The US government has threatened to ban TikTok and its parent company, ByteDance, from the country unless its owners divest its stakes. In a long, historic battle between the East and West, TikTok is the latest play piece, having been owned by Chinese operatives and been suspected of being too close to the Chinese Communist Party. And it seems US President Biden has had enough.
The Biden administration made its opinion on the matter clear, with an ultimatum: divest or be banned. Considering the audience in North America, that is a bold move.
And it’s only the latest of TikTok’s governmental worries.

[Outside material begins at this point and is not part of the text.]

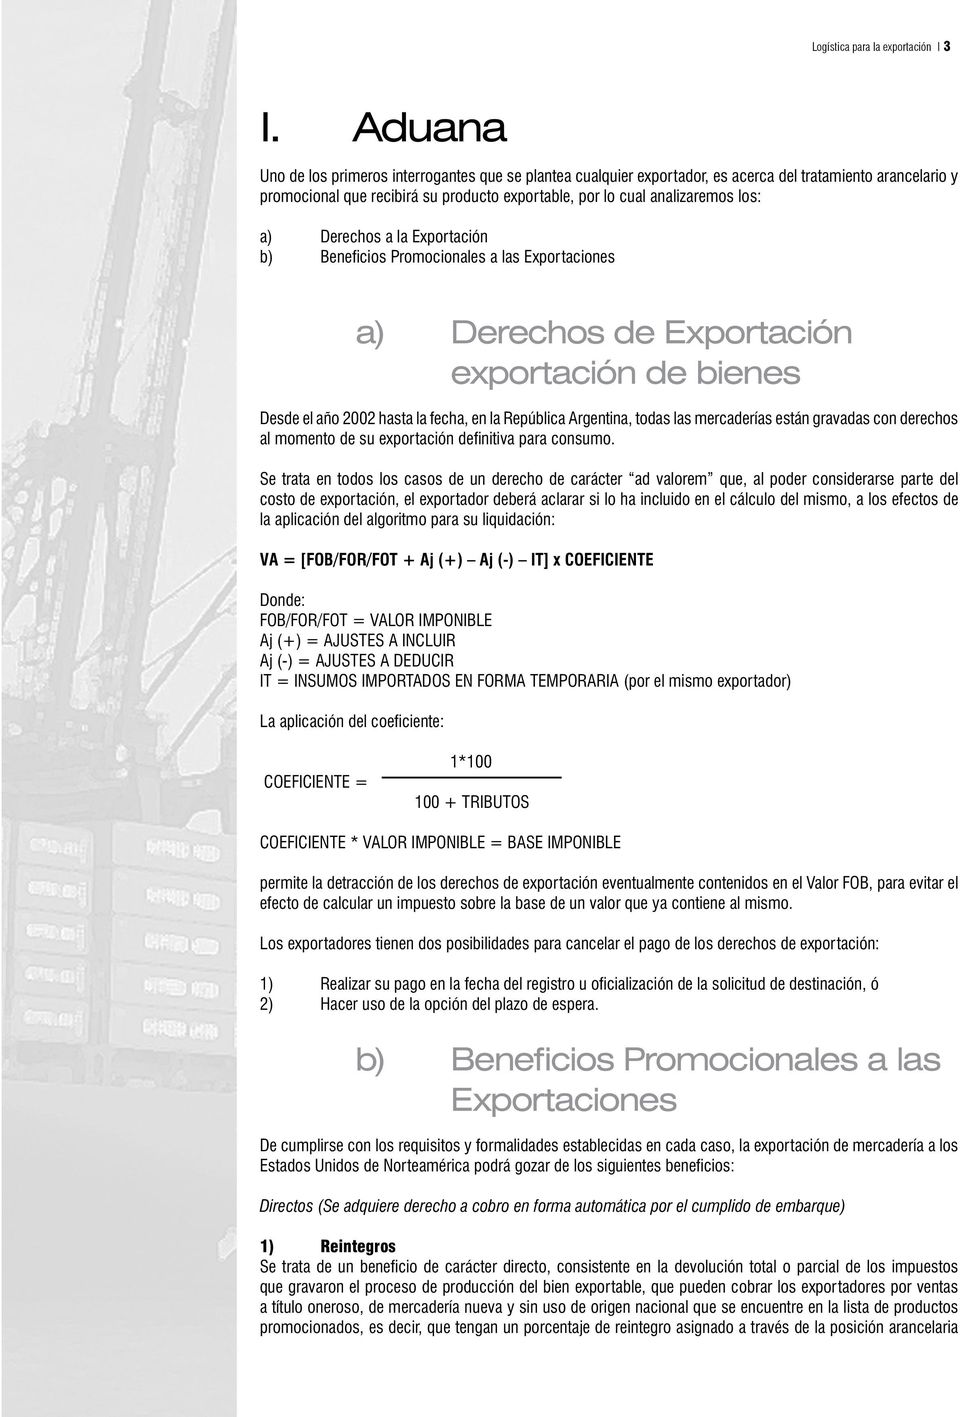 Derechos a la Exportación b) Beneficios Promocionales a las Exportaciones a) Derechos de Exportación exportación de bienes Desde el año 2002 hasta la fecha, en la República Argentina, todas las

The UK has already banned TikTok from appearing on government devices, with The Guardian saying: “The UK decision follows a review of TikTok by government cybersecurity experts that began in November, and will cover ministers’ and civil servants’ work phones, but not their personal phones. [Cabinet Office Minister Oliver Dowden says] this is a ‘proportionate move based on a specific risk with government devices’.”

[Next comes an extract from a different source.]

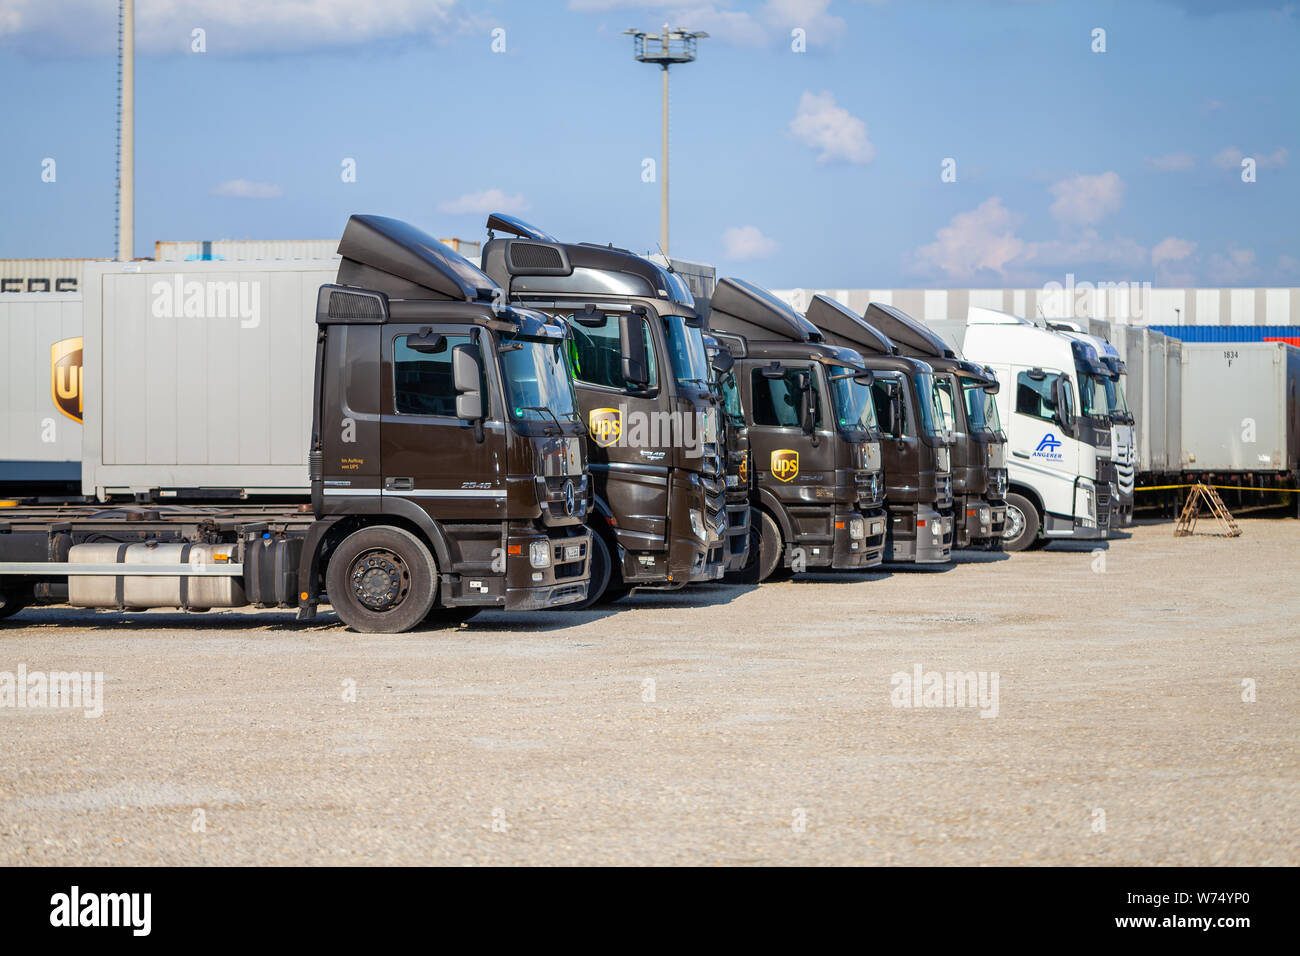 Nürnberg/Deutschland - August 4, 2019: Verschiedene Lkw aus dem amerikanischen multinationalen Paketzustellung, United Parcel Service (UPS), steht in der Nähe von Cont Stockfoto

However, there has been pushback from TikTok.
“If protecting national security is the objective, divestment doesn’t solve the problem,” TikTok spokesperson Maureen Shanahan told CBS News in a statement. “The best way to address concerns about national security is with the transparent, U.S.-based protection of U.S. user data and systems, with robust third-party monitoring, vetting, and verification, which we are already implementing.”